China’s central bank has kept buying gold for 15 straight months, even as the entire precious metals market took a nosedive at the end of January.
The People’s Bank of China added 40,000 troy ounces to its reserves in January. That’s the latest addition since it started its buying streak back in November 2024.
While China kept loading up, the rest of the market got crushed. Gold and silver hit record highs in January after waves of speculative bets pushed prices up too fast. Then everything fell apart. On January 30, gold dropped 10% in a single day.
Silver fell even harder, down 16%. Copper also got slammed, dropping 5.7% during the same session. That morning was one of the worst for metals in years. Prices have tried to bounce back, but the entire market is still shaky.
US hedge funds cut positions as traders get wiped out
As the crash unfolded, speculators ran for the exit. Hedge funds and big traders dumped gold fast. Bullish positions were cut by 23% in just one week.
That left net-long positions at 93,438 contracts, the lowest in over three months, based on U.S. trading data through February 3. That was the biggest drop since October.
While traders were dumping gold, central banks were still stacking. Global official purchases reached over 860 tons in 2025. That’s down from the 1,000-ton pace seen in each of the last three years, but it’s still a heavy total.
The World Gold Council expects more steady buying this year, with China clearly leading the charge.
Back on the mainland, things weren’t much calmer. Gold-backed ETFs in China saw their worst day ever for withdrawals.
On Tuesday, the four biggest ETFs (Huaan Yifu, Bosera, E Fund, and Guotai) lost about 6.8 billion yuan, which is close to $980 million. It was their second day in a row of big outflows, right after taking in record inflows earlier that same week.
As retail buyers panicked, Chinese banks started putting new rules in place. On Friday, China Construction Bank said it would raise the minimum deposit on its gold savings accounts starting Monday. The bank also told customers to be more careful and think about risk before throwing money at gold.
At the same time, Industrial and Commercial Bank of China rolled out quota limits for its Ruyi Gold Savings program, especially during the upcoming Lunar New Year holidays.
Exchanges are also stepping in, introducing new limits and restrictions aimed at cooling off the wild price swings across metal markets, not just in gold.
Still, there’s no real panic yet. In Shuibei, a major silver trading hub, dealers said more people were selling than buying over the weekend, but not in a panic. Prices for silver there are still trading above the official exchange levels, which means there’s still demand.
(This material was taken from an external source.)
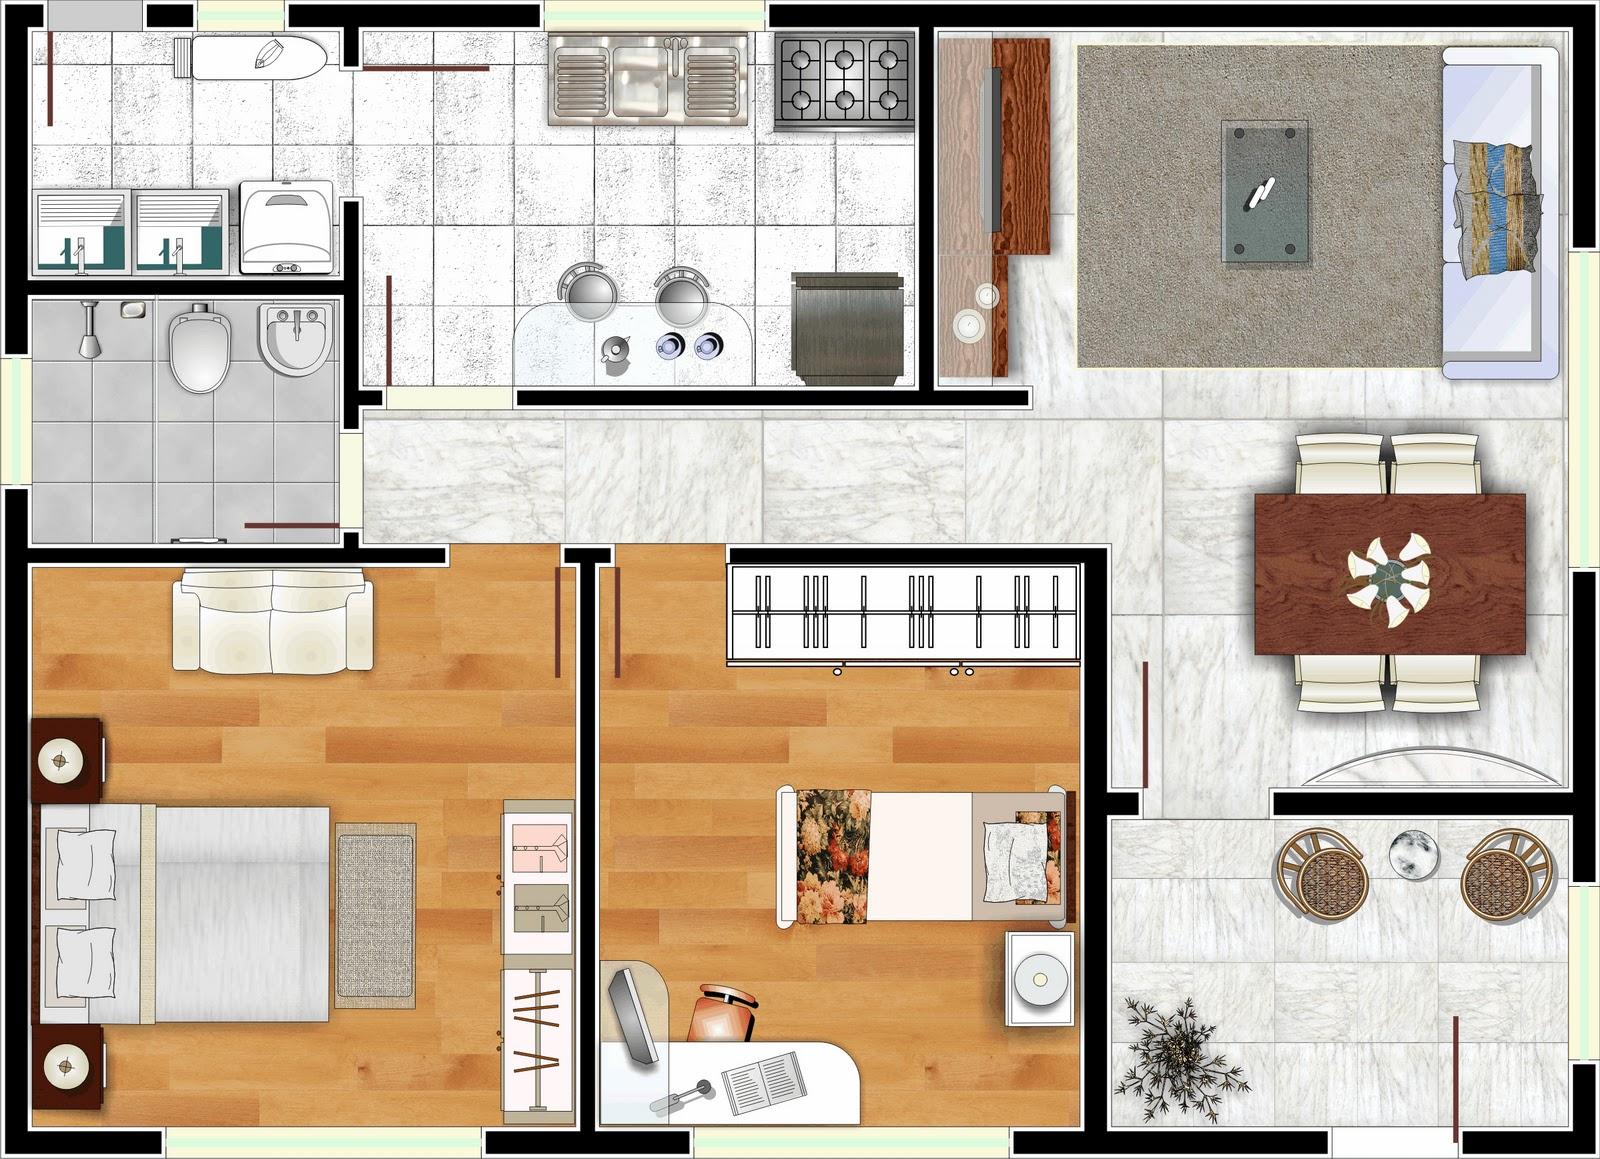 Planta Baixa De Casas Pequenas Modernas Modelos Incr Veis

China investors flood metals markets amid economic slowdown
Chinese investors are rushing into metals. Prices for copper, gold, and silver have exploded. This isn’t because factories need more materials. It’s because people in China have too much cash and nowhere real to put it. Trading on Chinese futures exchanges has gone wild. Silver, aluminum, nickel, tin, and steel wire rod are seeing huge volumes.
The People’s Bank of China has been pumping money into the system for years. But now it’s harder to push that money into anything useful. In December, China’s M2 money supply grew 8.5% compared to the year before. But the economy only grew 3.9% in the last quarter of 2025. That gap shows the problem.
Retail spending is still weak. Households are cutting back. Banks issued the fewest new loans since 2018. Fixed-asset investment, which includes buildings, machines, and infrastructure, fell for the first time ever. People aren’t spending, and companies aren’t investing. So traders are betting on metals instead.
Even with some recent drops, prices for copper and gold are still near record highs. But the rally has no connection to real demand. Factories are cutting back on materials. They don’t want to pay inflated prices when consumer demand is already weak.
Still, China’s financial speculators are ignoring the drop in real-world use. They’re focused on longer-term stories. That includes the green energy transition, currency worries that make gold look safer, and AI demand for metals like tin. Plus, we are facing global shortages in copper and aluminum.
Gold-linked investment products inside China more than doubled in two years. There were over 300 by the end of 2025. Their combined value hit 243 billion yuan. That’s a big jump but still small compared to the country’s massive 180 trillion yuan financial products market.
Copper shot past $14,500 a ton last week. Then it started falling. On Friday, it dropped for the third day in a row to $12,750 on the London Metal Exchange. That’s a 3.1% drop for the week. It’s now having its worst stretch since April. Warehouses in London, Shanghai, and New York are loaded with copper, more than at any time since 2003.